Only 4 percent of counties in the West are seeing a “a surge of energy-related jobs,” the study found, and just 2.8 percent of total personal income in the five big energy-producing states (Colorado, Montana, New Mexico, Utah, and Wyoming) comes from the sector that includes oil, gas, and mining.
On the other hand, a separate study released in January by the American Solar Energy Society and Management Information Services underscores the increasing vitality and importance of the green jobs sector both nationally and in Colorado. The renewable energy and energy-efficiency fields “comprise some of the most rapidly growing industries in the world,” concluded the report, employing more than 9 million people in the United States as of 2007 and with the potential under a “crash effort” to employ 37 million by 2030.
In Colorado, according to the study, the renewable energy and energy-efficiency fields had generated some 91,000 jobs by 2007—more than 3 percent of state employment—and gross revenues of more than $10 billion. That’s about 20,000 more Colorado jobs than existed in the state’s oil and gas industry as of 2007, according to a Colorado School of Mines report, though less than half of the conventional energy industry’s overall economic output.

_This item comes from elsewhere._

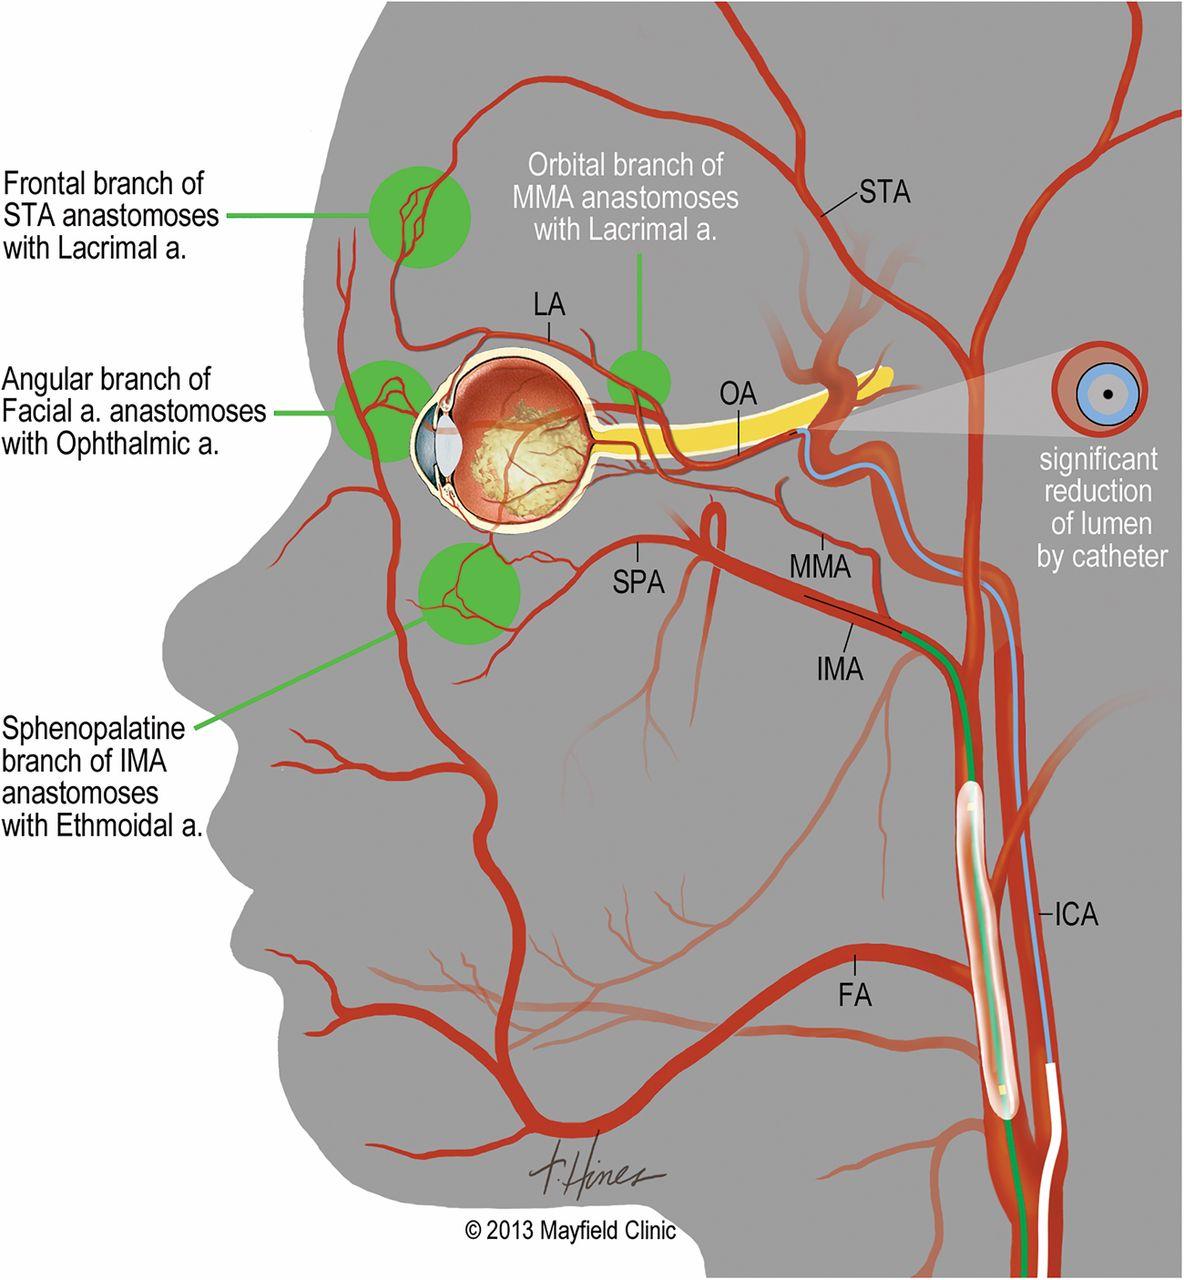 carotid artery diagram fender telecaster wiring seymour duncan adjunctive techniques for optimization of ocular hemodynamics in children undergoing ophthalmic ...

This job increase is due in part to the fact that Colorado has accelerated its renewable energy efforts in recent years, and the study may not even be telling the whole truth. It does not, for example, reflect several large developments by companies such as Vestas, a Danish manufacturer of wind turbines, that have created several thousand more jobs.
Even more clean-energy jobs for the state lie ahead. The green jobs report by the American Solar Energy Society—which was funded by the state, Xcel Energy, and other partners—concludes that by 2030 Colorado could have more than 600,000 jobs in renewable energy and energy efficiency, and the sector could have nearly $62 billion in revenue.
The series of reports by Headwaters Economics also found that economic progress in the West—the nation’s fastest growing and most urbanized region—during the last three decades of the 20th century was driven primarily by service and professional industries and by investment or nonlabor income. During that period 86 percent of net growth in personal income was in service-based jobs and nonlabor income. By contrast, energy development, mining, timber, and agriculture were responsible for less than 1 percent of income growth. This reflects the diversification of the West’s economy and the region’s strong shift away from jobs tied to resource extraction.
With a far larger and more diverse regional economy than existed during past energy booms, western counties that have focused on oil and gas development in recent years have actually underperformed counties that have not stressed energy development. Between 1990 to 2005, according to Headwaters Economics, so-called “energy-focusing” counties saw real personal income grow at 2.3 percent per year, compared to 2.9 percent in other counties.
In a case study of two energy-heavy counties in western Colorado, Headwaters Economics did find some positive effects: “new economic opportunities, reduced unemployment… rapid in-migrations, and raised wages for many workers.”
But the energy boom also comes with a price. “Fast growth has exacerbated inflation, housing, and commuting pressures; contributed to a growing wage and wealth gap; and made it more difficult for other industries to thrive.”
Some of those problems may be avoided as the renewable and energy-efficiency sectors grow because they will ramp up more gradually and the growth won’t be so geographically concentrated.
While conventional energy development will no doubt be a part of the western landscape for some time, it increasingly looks like the future belongs to wind, solar, and other renewables.
Tom Kenworthy is a Senior Fellow at the Center for American Progress.